Introduction

Early treatment of stroke with large vessel occlusion (LVO) requires rapid transport to a thrombectomy-capable hospital for early recanalization1,2. Similarly, timely transport to specialized facilities is critical for treating subarachnoid haemorrhage (SAH) and intracerebral haemorrhage (ICH), as it can significantly improve patient outcomes3,4. The American Stroke Association recommends recognizing stroke accurately, activating emergency medical services (EMS), triaging to the appropriate hospital, and designating a competent stroke centre5. However, accurately diagnosing stroke in prehospital settings can be challenging for EMS personnel due to resource constrains and similarity of symptoms between different types of strokes, potentially leading to delays in hospital arrival or misdiagnosis. To address this issue, various prehospital scales targeting LVO have been developed to aid in determining indications for thrombectomy6,7,8,9, and the prehospital diagnosis of SAH and ICH is also important for acute stroke treatment10,11. Moreover, recent advances in machine learning (ML) and deep learning (DL) models have shown promising results in improving prehospital diagnosis scales12,13,14.

In the medical field, ML and DL models have demonstrated their potential in computer-aided diagnosis, helping healthcare professionals make accurate and timely diagnoses.
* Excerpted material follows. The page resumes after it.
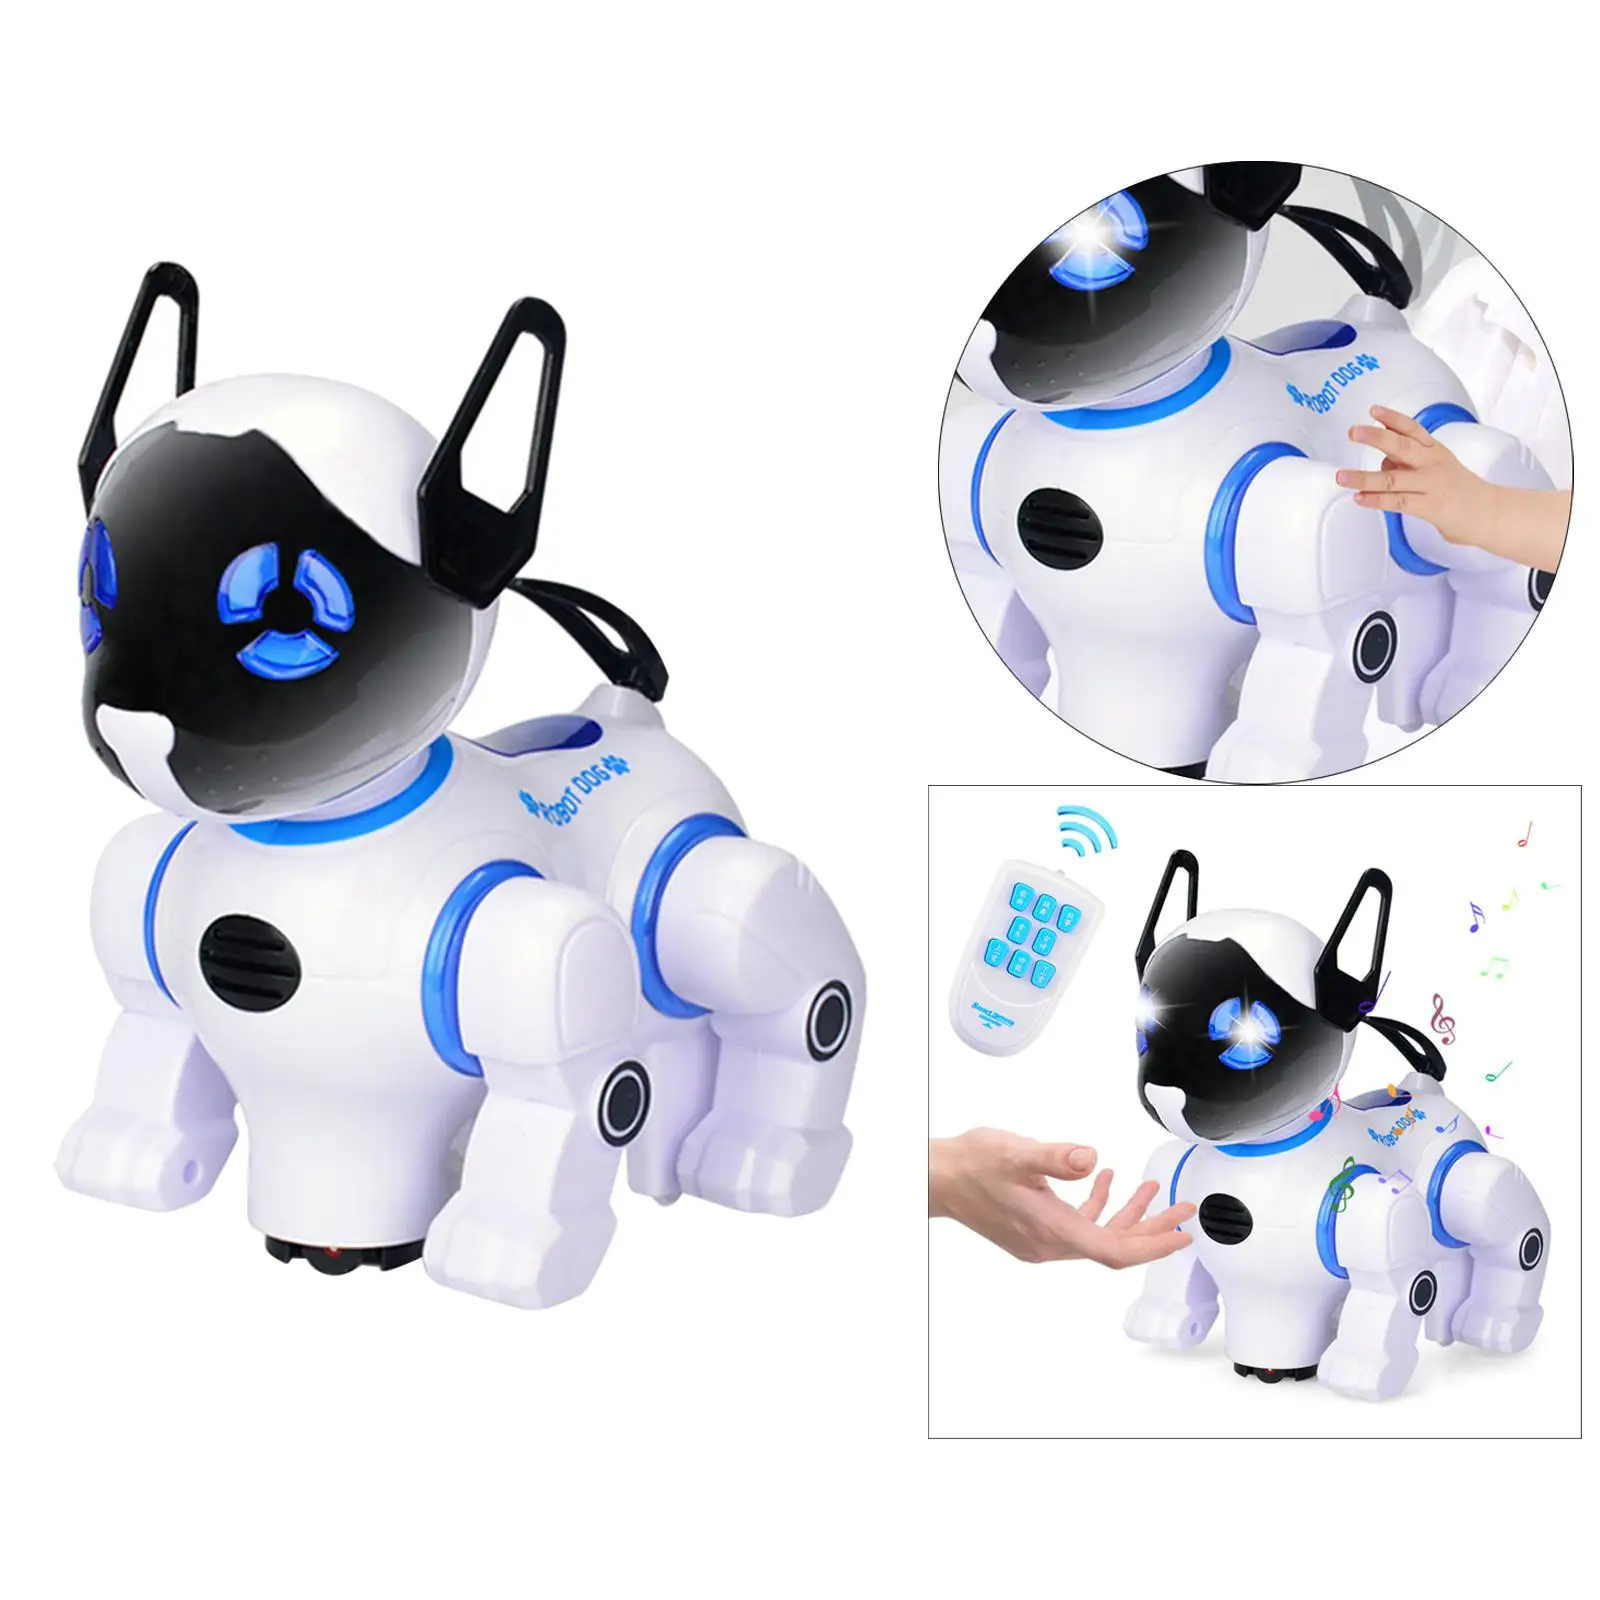  Remote Control Robot Dog Toy Electronic Toys Xfor Boys And Girls Age 5 6 7 8 9 10 Children Birthday Gift

For instance, DL-based image classification has been used to diagnose diseases such as pneumonia, breast cancer and lung cancer15,16,17. The ML-driven segmentation of medical images has enabled the detection of regions of interest18, and feature extraction techniques have been used to extract relevant features from medical images or other data for developing diagnostic tools19,20. ML models, as decision support systems, have been developed and used to assist clinicians in diagnosing and treating diseases [e.g., heart diseases21]. To improve the accuracy of machine learning models, there are generally three methods of hyperparameter optimization. Grid Search, Random Search, and Bayesian Optimisation. Grid search is simple and easy to implement. However, it is computationally expensive when the hyperparameter space is large, and it doesn't learn adaptively from previous iterations. Random search allows to explore the hyperparameter space more efficiently compared to grid searching. But because it's random, there is no guarantee that the best hyperparameter combination will be found. Bayesian optimization efficiently explores the hyperparameter space by using a probabilistic model to guide the search. It adapts the search based on previous evaluations, improving efficiency. It uses a learning function to select the next hyperparameter configuration to evaluate, balancing exploration and exploitation.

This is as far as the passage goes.